- **ABOUT THIS TASK**
In the material below, find the line that contains "Квартира D-13361, Котовского, 47, Киев" and the line that contains "Weihnachten Obst Kuchen", then write out exactly those two lines and everything between them.

- **AVAILABLE RECORDS**
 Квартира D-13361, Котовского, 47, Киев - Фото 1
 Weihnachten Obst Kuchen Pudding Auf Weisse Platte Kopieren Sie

---

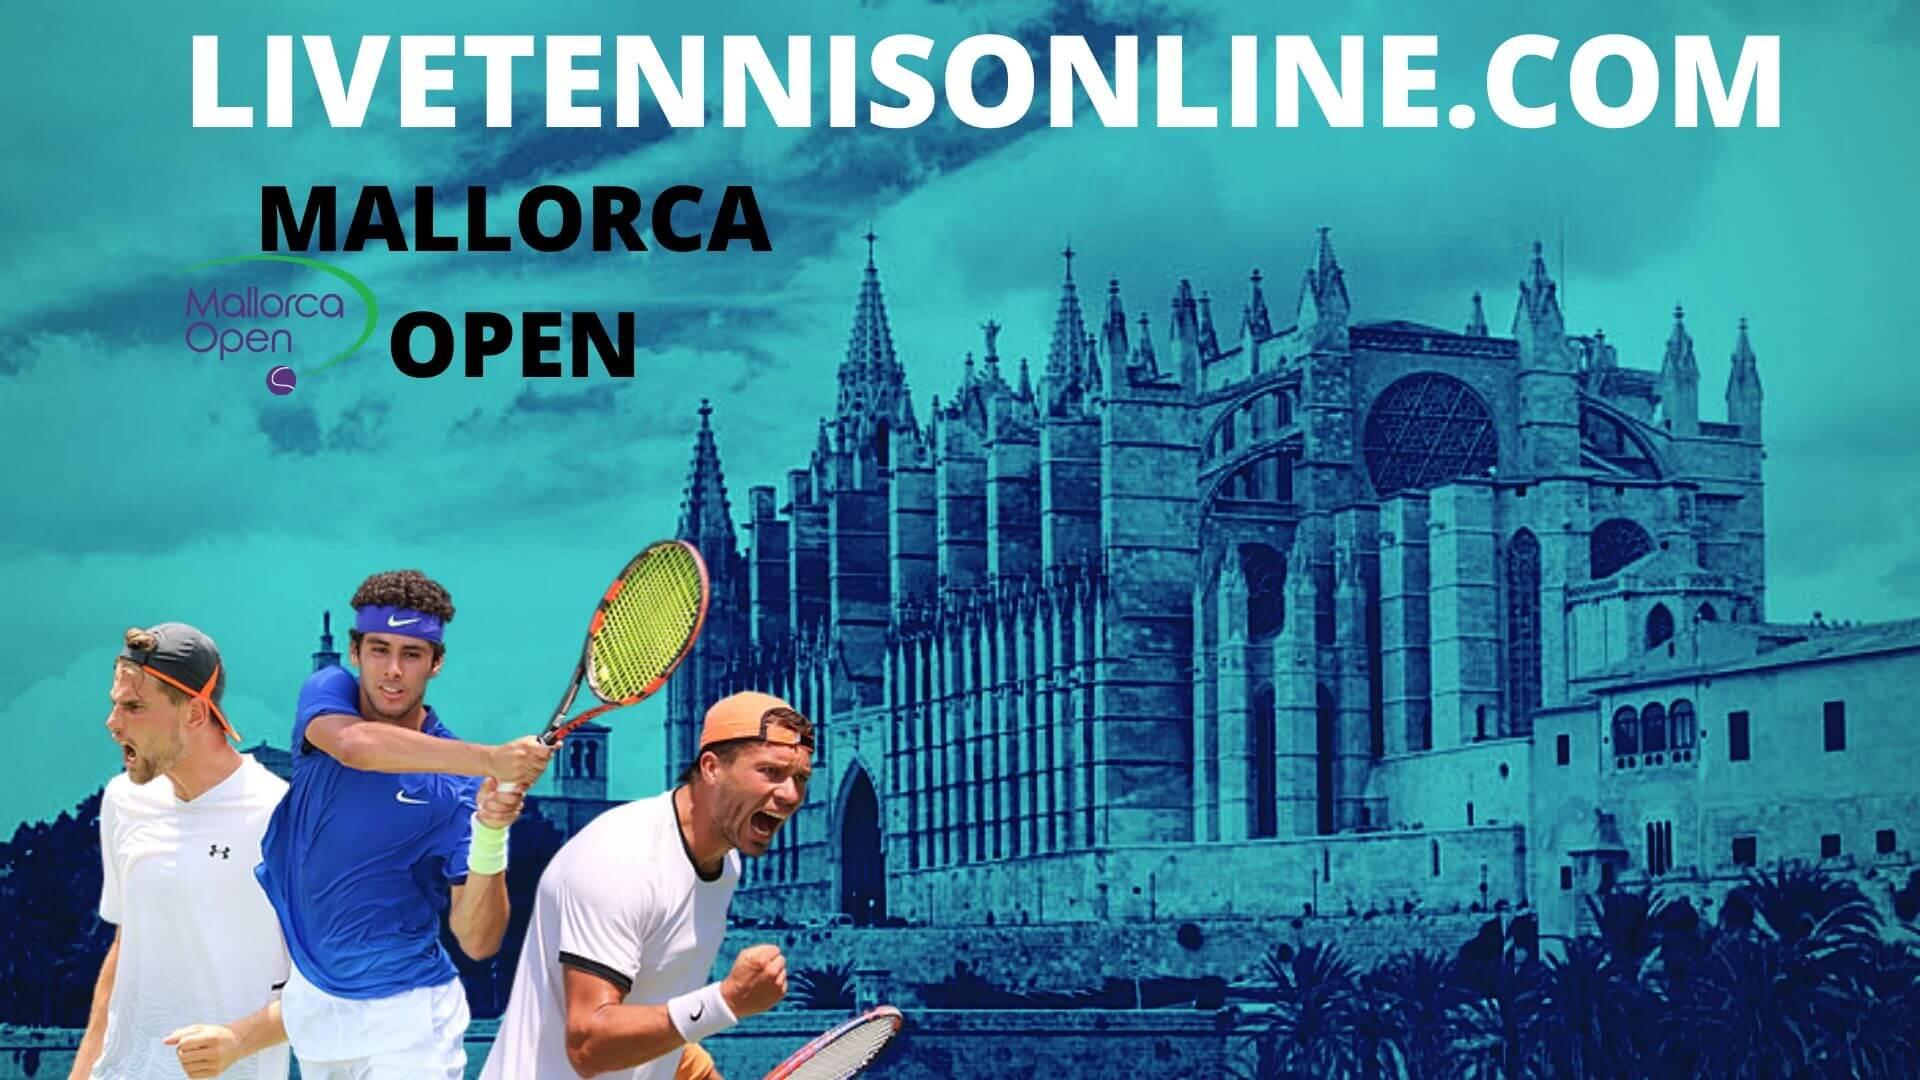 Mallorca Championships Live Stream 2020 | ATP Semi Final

- **RESPONSE TO THE TASK**
 Квартира D-13361, Котовского, 47, Киев - Фото 1
 Weihnachten Obst Kuchen Pudding Auf Weisse Platte Kopieren Sie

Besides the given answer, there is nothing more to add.